▸ Prompt
With the pictures removed, set down all of the entries below exactly.
◇ ◇ ◇ ◇ ◇ ◇ ◇
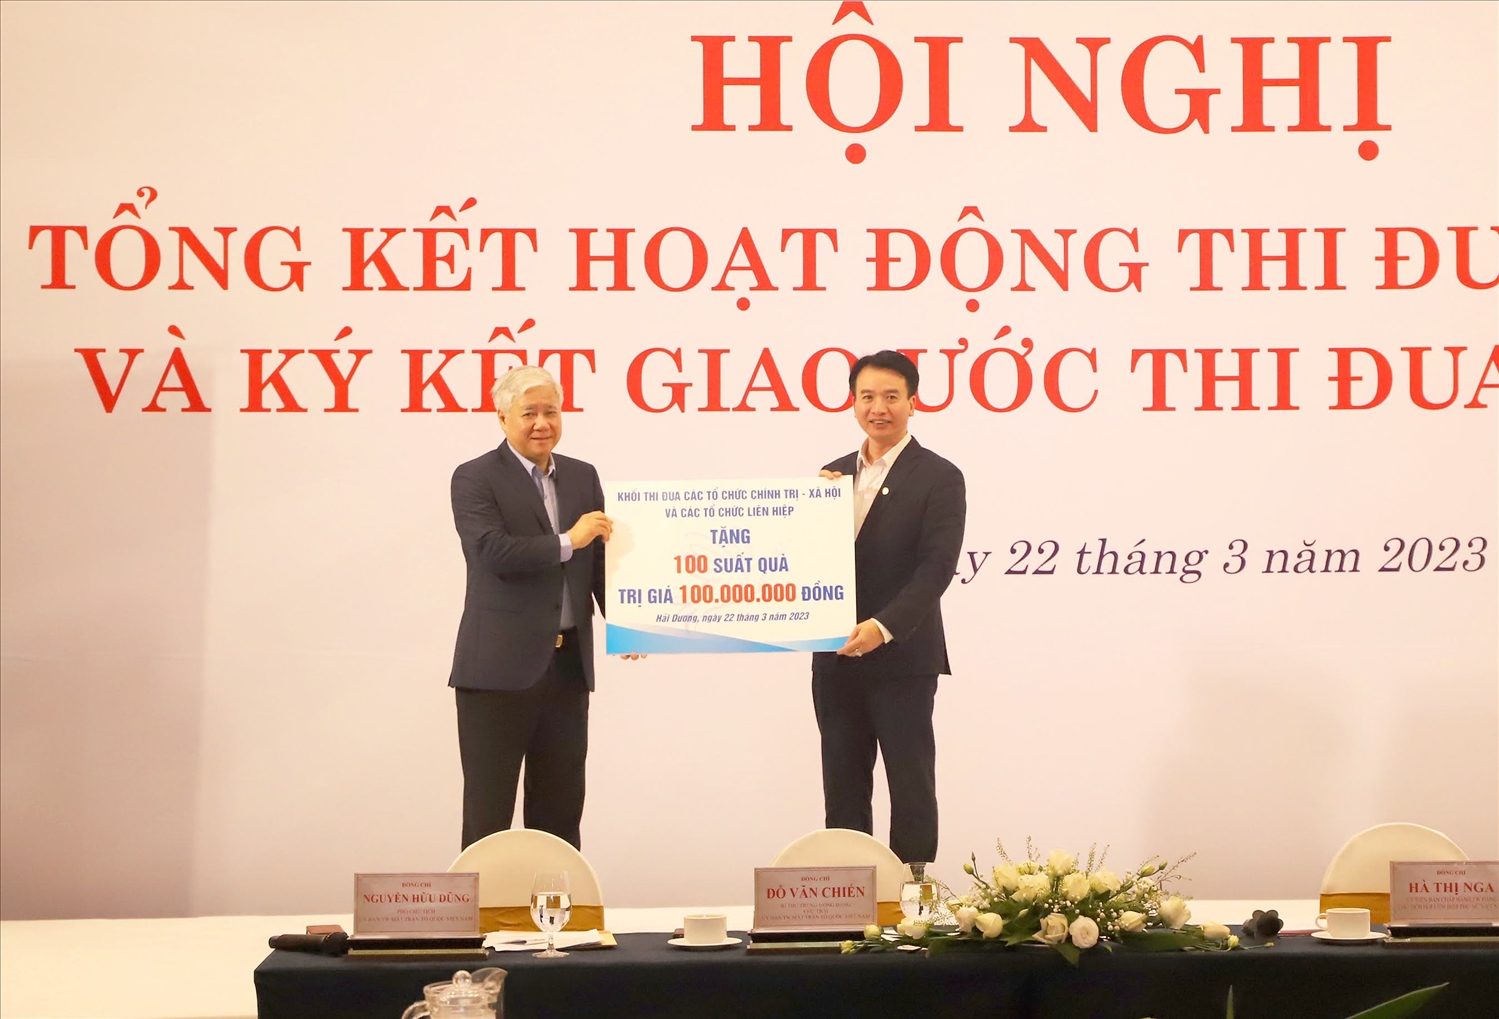 Chủ tịch Ủy ban Trung ương MTTQ Việt Nam Đỗ Văn Chiến đã trao tặng 100 suất quà cho hộ nghèo và trẻ em có hoàn cảnh khó khăn trên địa bàn tỉnh Hải Dương.
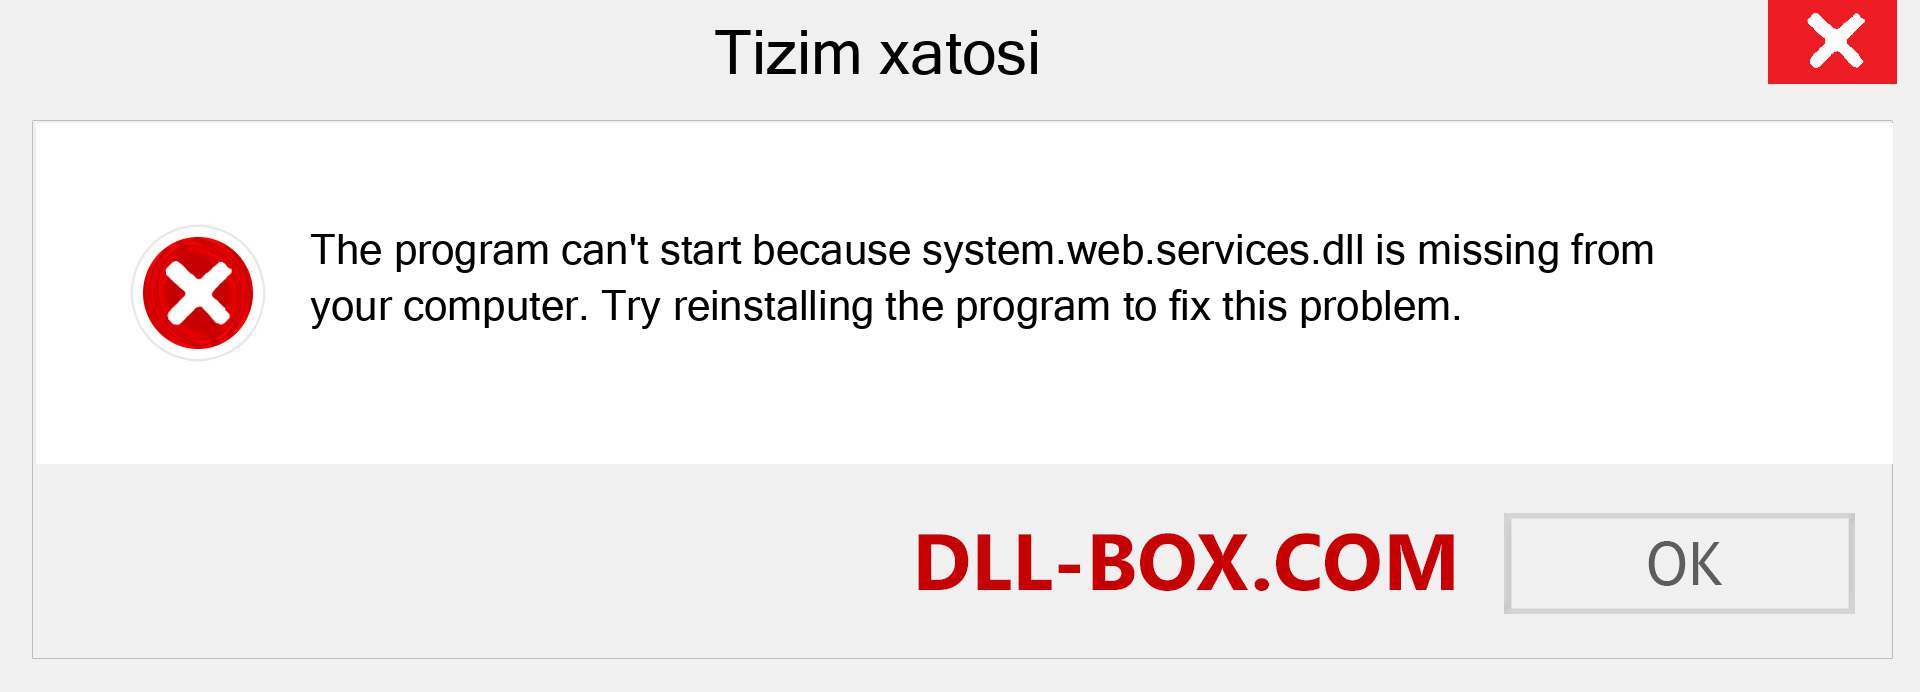 system.web.services.dll fayli yo'qolganmi?. Windows 7, 8, 10 uchun yuklab olish - Windowsda system.web.services dll etishmayotgan xatoni tuzating, rasmlar, rasmlar
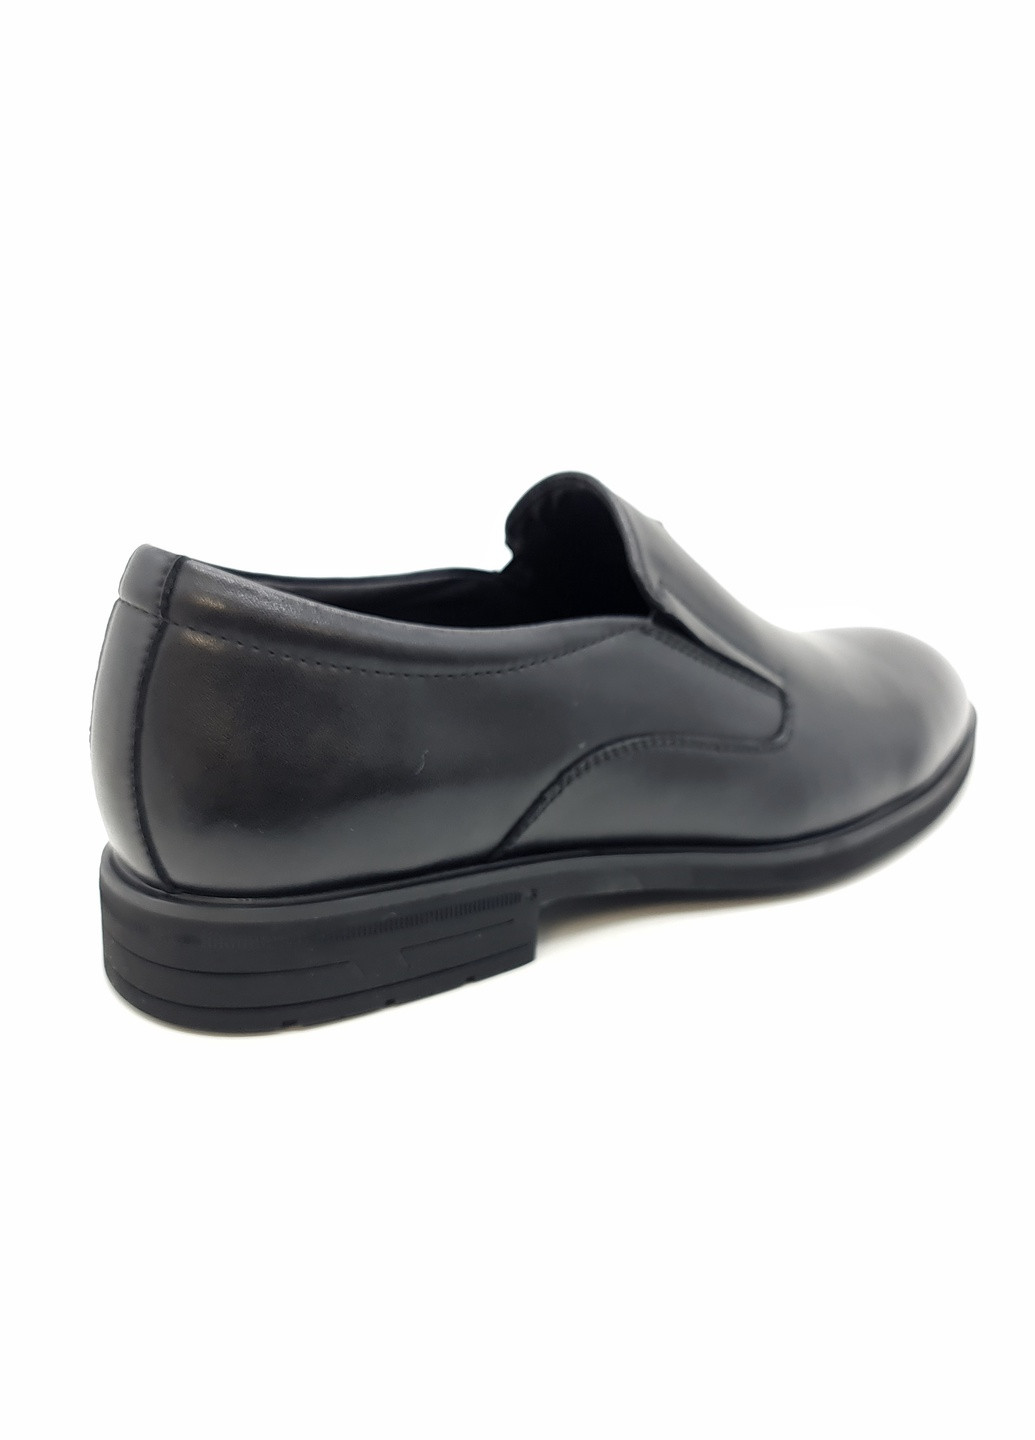 Черные чоловічі туфлі чорні шкіряні ya-11-11 27 см (р) Yalasou
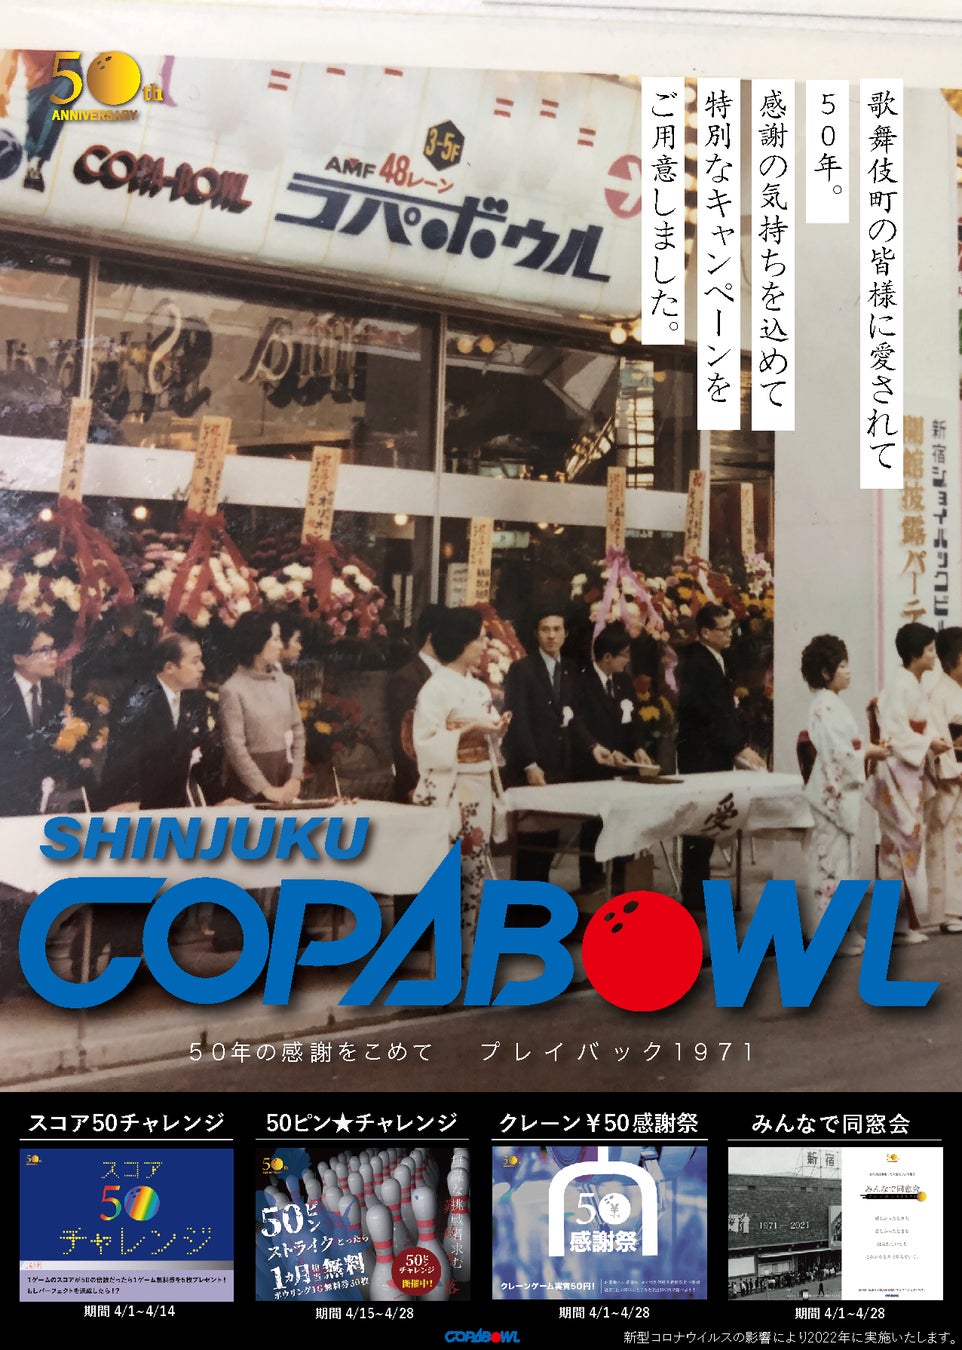 ボウリングのピンが50本に!?新宿コパボウル開店50周年イベント「50年の感謝をこめて プレイバック1971」開催
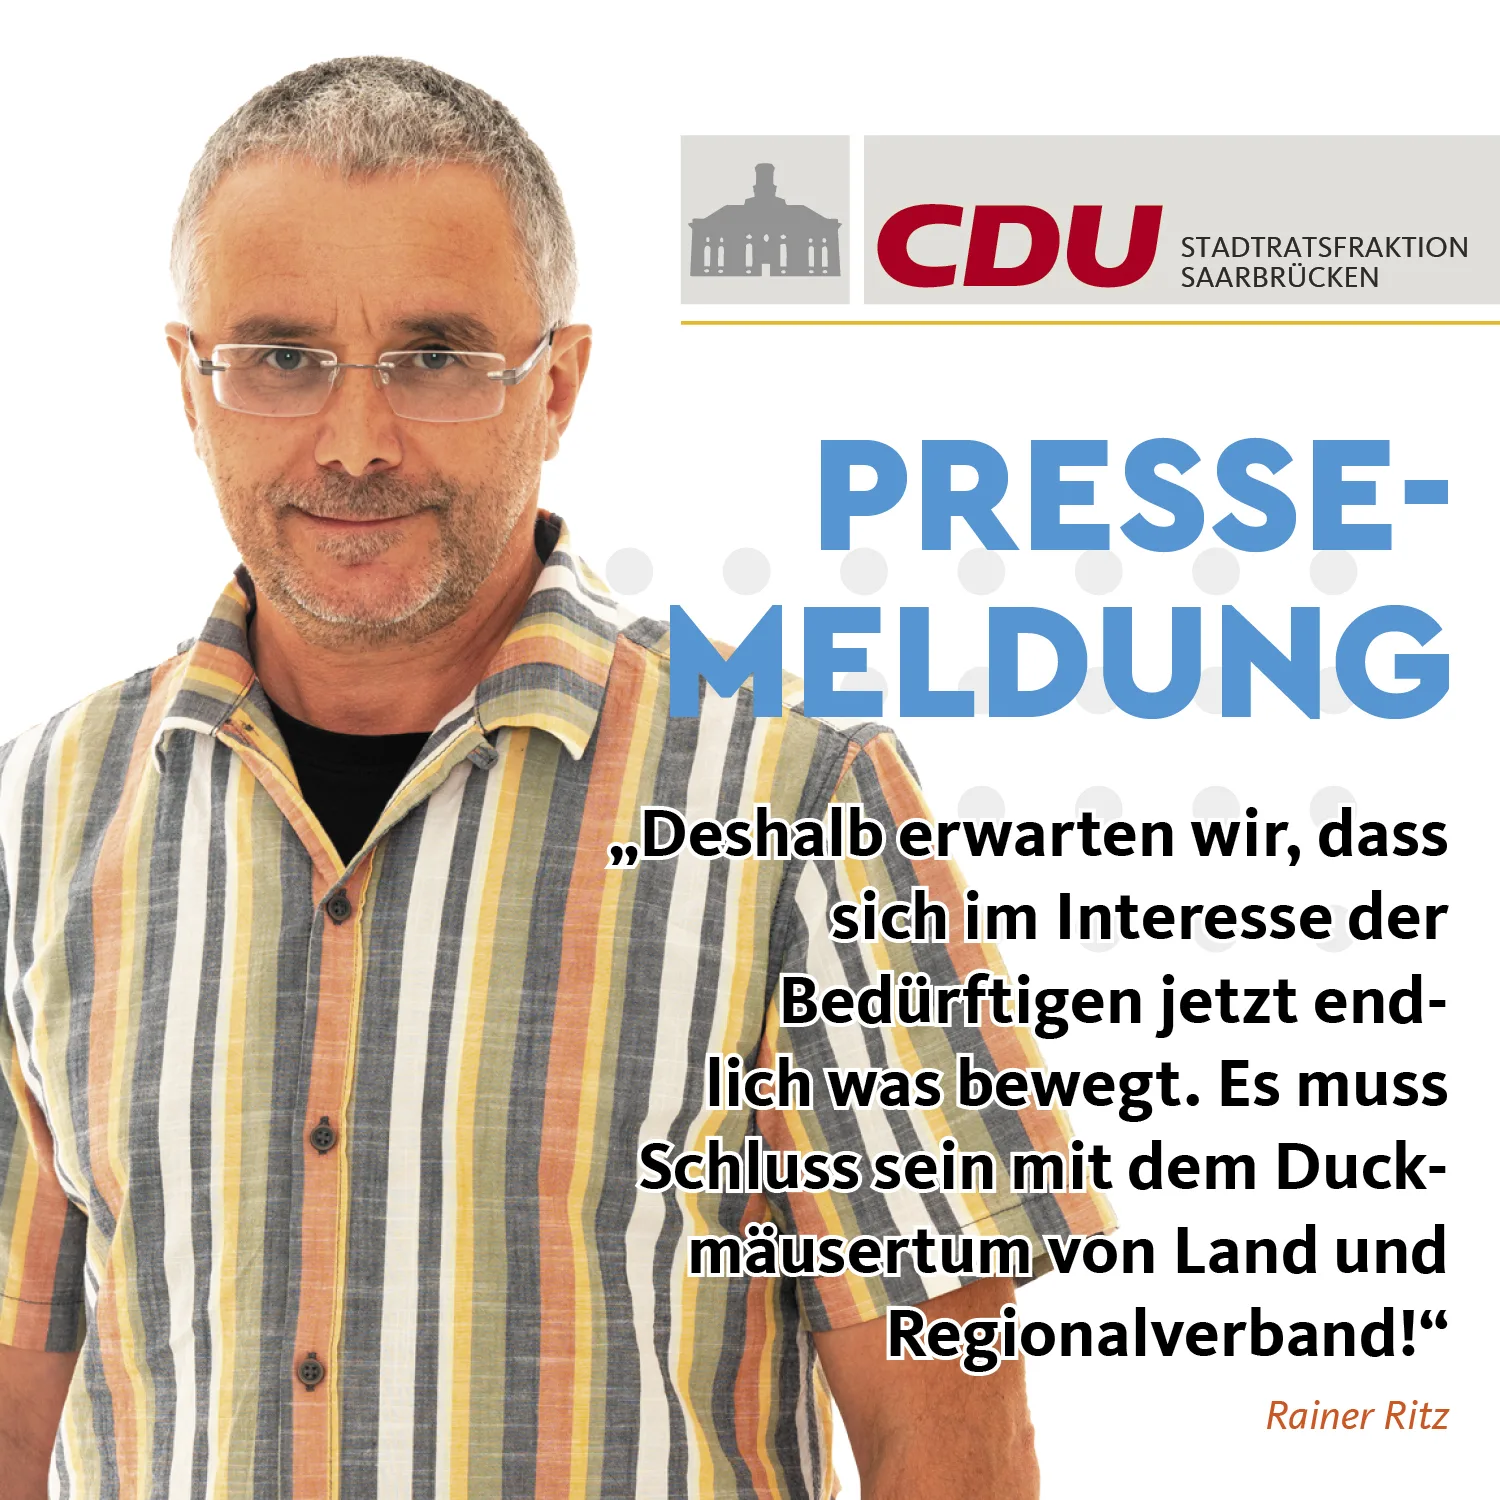 CDU_SOCIAL KACHELN_RAiner
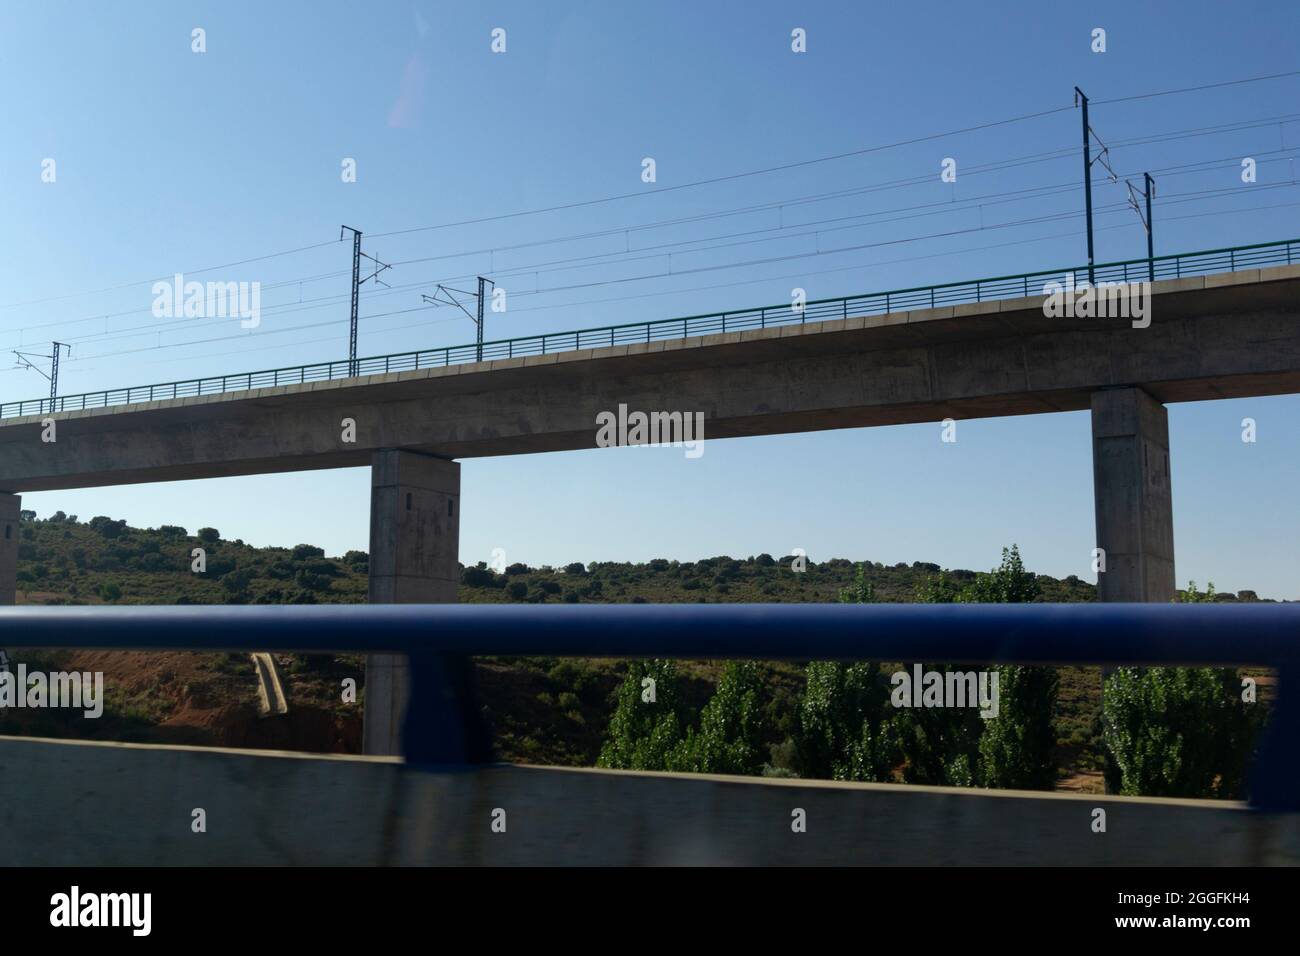 Linea ferroviaria ad alta velocità in Spagna. Strade d'Europa. Fotografia orizzontale. Foto Stock
◇ ◇ ◇ ◇ ◇ ◇ ◇
▸ Answer to this problem
 Chủ tịch Ủy ban Trung ương MTTQ Việt Nam Đỗ Văn Chiến đã trao tặng 100 suất quà cho hộ nghèo và trẻ em có hoàn cảnh khó khăn trên địa bàn tỉnh Hải Dương.
 system.web.services.dll fayli yo'qolganmi?. Windows 7, 8, 10 uchun yuklab olish - Windowsda system.web.services dll etishmayotgan xatoni tuzating, rasmlar, rasmlar
 Черные чоловічі туфлі чорні шкіряні ya-11-11 27 см (р) Yalasou
 ボウリングのピンが50本に!?新宿コパボウル開店50周年イベント「50年の感謝をこめて プレイバック1971」開催
 CDU_SOCIAL KACHELN_RAiner
 Linea ferroviaria ad alta velocità in Spagna. Strade d'Europa. Fotografia orizzontale. Foto Stock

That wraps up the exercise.